Mauri was nine weeks pregnant with Asher when she first met Amy. She heard about the Nurse-Family Partnership through WIC, a federally-funded, nutrition counseling program at PHD.

"They said a nurse will come to your home," Mauri said. "I said, 'Sign me up.'"

Nurse-Family Partnership is an evidence-based nationwide program designed to transform the lives of first-time mothers and their babies.

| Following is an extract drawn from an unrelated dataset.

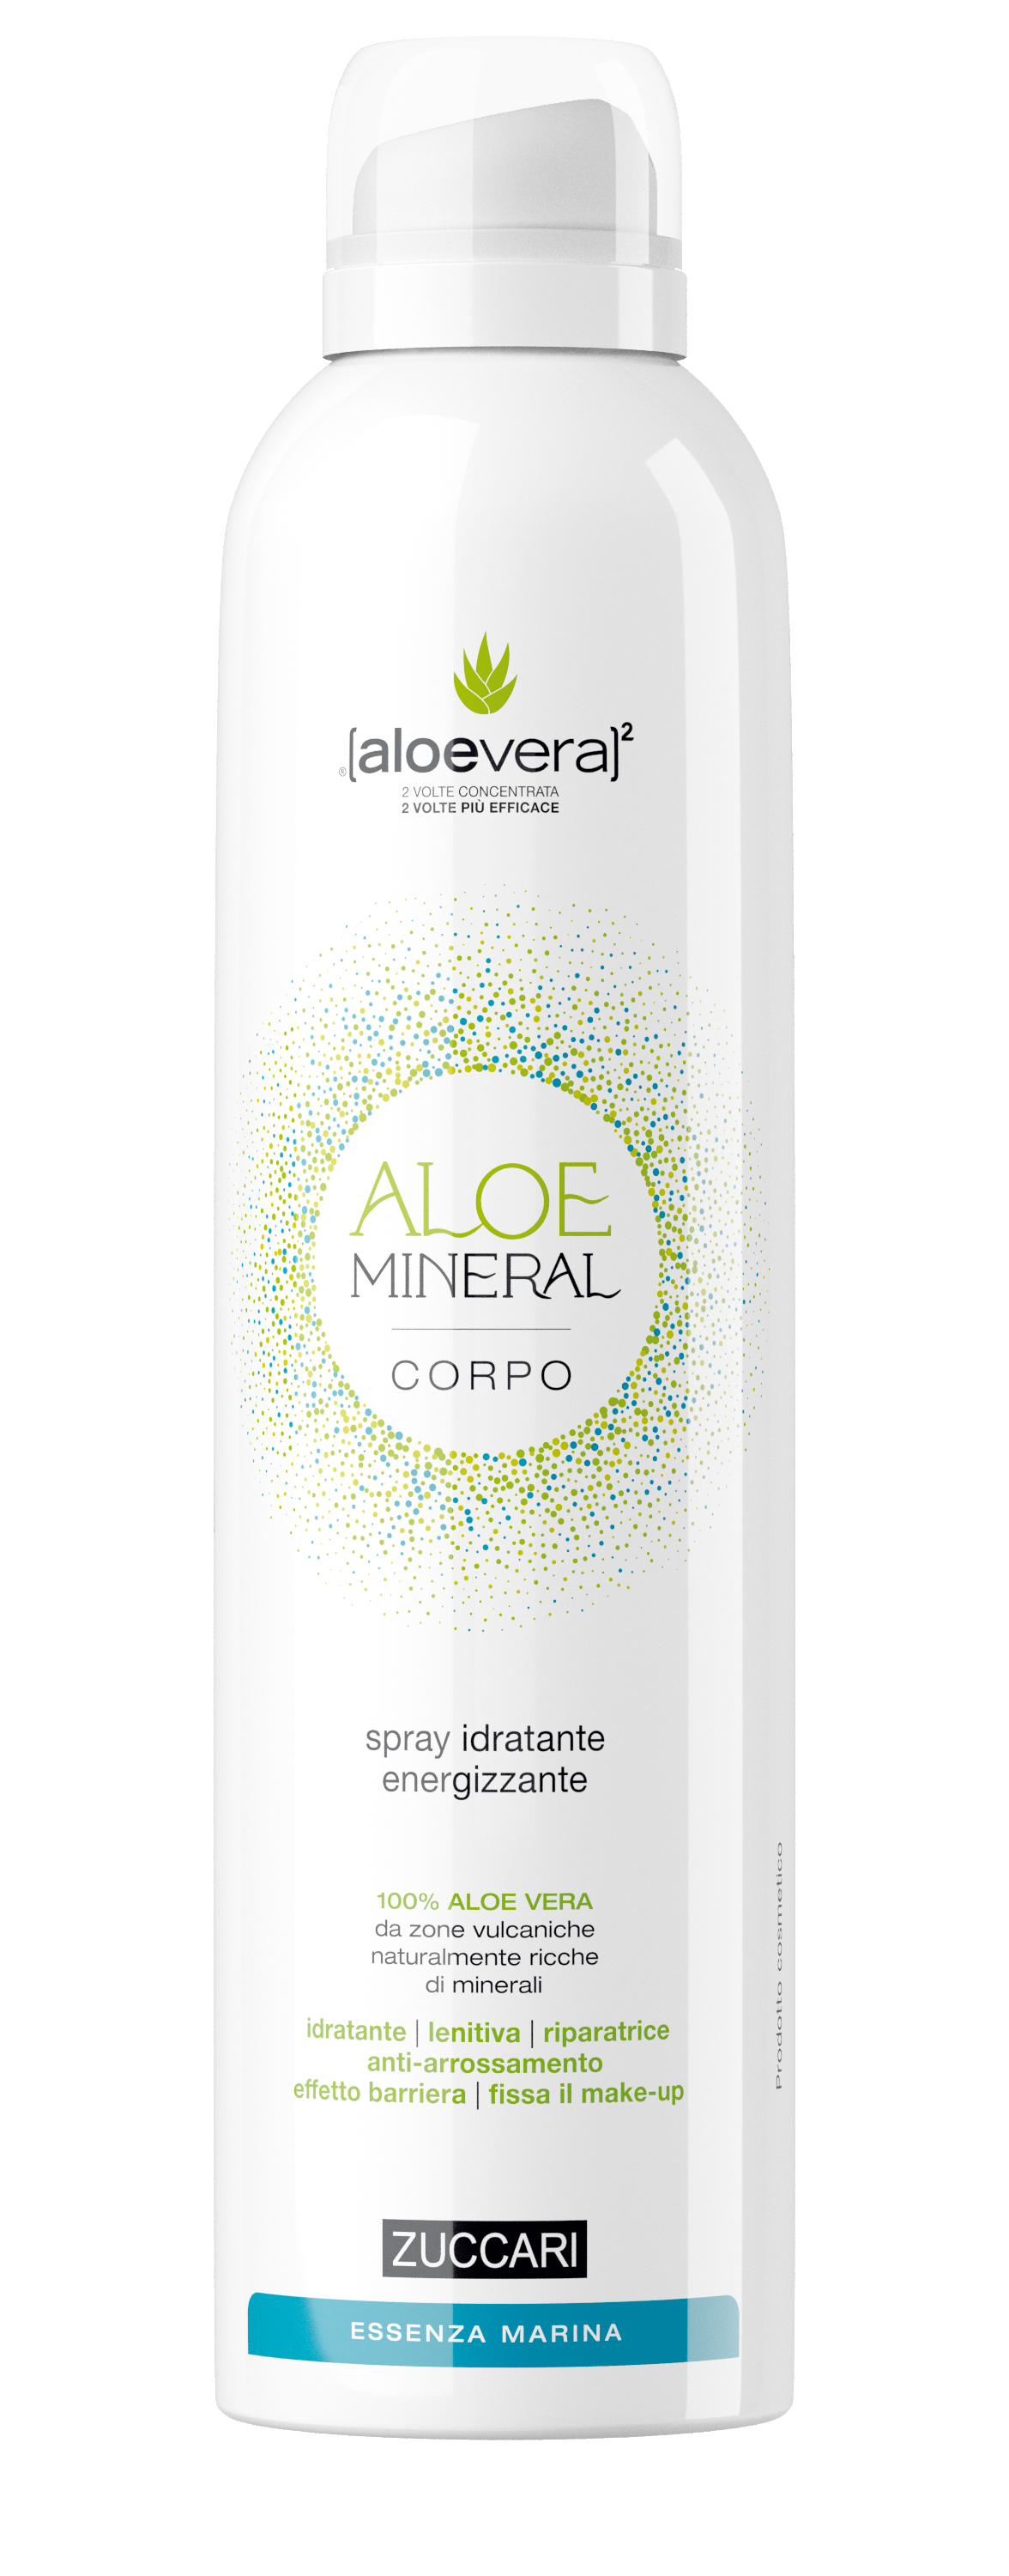 Aloe Mineral Corpo - Essenza Marina ZUCCARI 150ml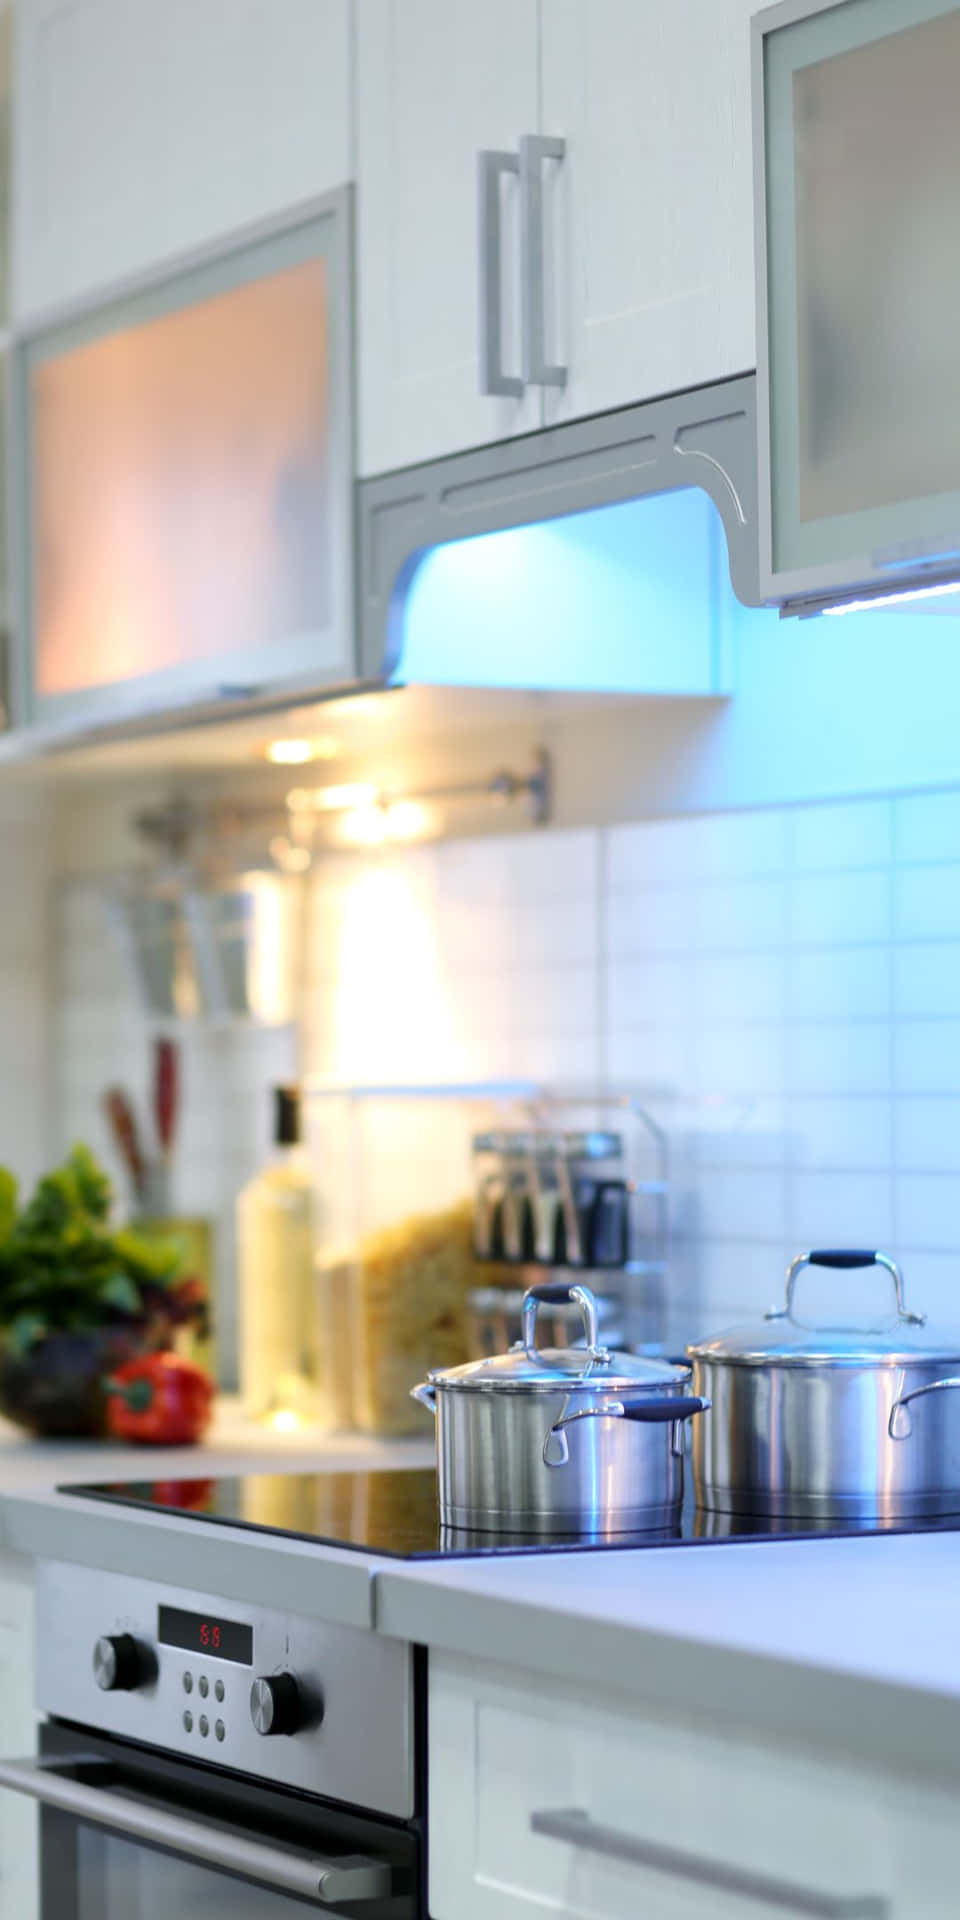 Unascena Di Cucina Con Lo Smartphone Google Pixel 3

Through regular home visits from registered nurses, eligible women (based on income and risk) in their first pregnancy receive the care and support they need to have a healthy baby.

That care and support includes guidance to provide responsible and competent care for their children and to become more economically self-sufficient.

In trials conducted during the partnership's more than 30 years, mothers and children have consistently demonstrated improved prenatal health and child school readiness. The rate of child abuse and neglect decreased and so did the number of childhood injuries.

PHD began providing the Nurse-Family Partnership in Kootenai and Shoshone counties a year ago. Amy and Diana Bird, another R.N. in the PHD program, attended specialized training at the national NFP training center before accepting clients. Nurses who provide services through NFP must have a bachelor's degree in nursing.

Anyone can refer potential clients to the program - doctors, mental health agencies, social workers, WIC, food banks and citizens. Mothers, though, participate voluntarily and at no cost to them.

Mauri was one of PHD's first Nurse-Family clients. She wanted her baby to have a healthy start in life.

"At first, I felt a little overwhelmed," Amy said. "She wants me to be very specific and parenting isn't black and white. But I learned how best to help her and now this family is so much fun to work with."

Mauri believes Amy's guidance helped her eat healthier, stay hydrated and maintain her weight during pregnancy.

"She's smart," Mauri said. "It's so nice to bounce questions off her."

Amy visits Mauri and Asher twice a month now. After cuddling the baby for a few minutes, Amy checks his developmental progress. She shows Mauri how to help strengthen Asher's torso so he can sit by himself soon.

She asks Mauri how she's feeling. Mother's physical, mental and emotional health is as important as baby's in the Nurse-Family Partnership program.

As PHD enters its second year of the program, Amy and Diana are working with 33 women. Those women have given birth to 21 babies, including one set of twins. Since early July, PHD's WIC program has referred 10 more mothers to the program, but anyone can refer a pregnant mother to the program.

Eventually, Amy and Diana will each have 25 clients.

"This program is awesome for me," Mauri said. "I would highly recommend it to anyone."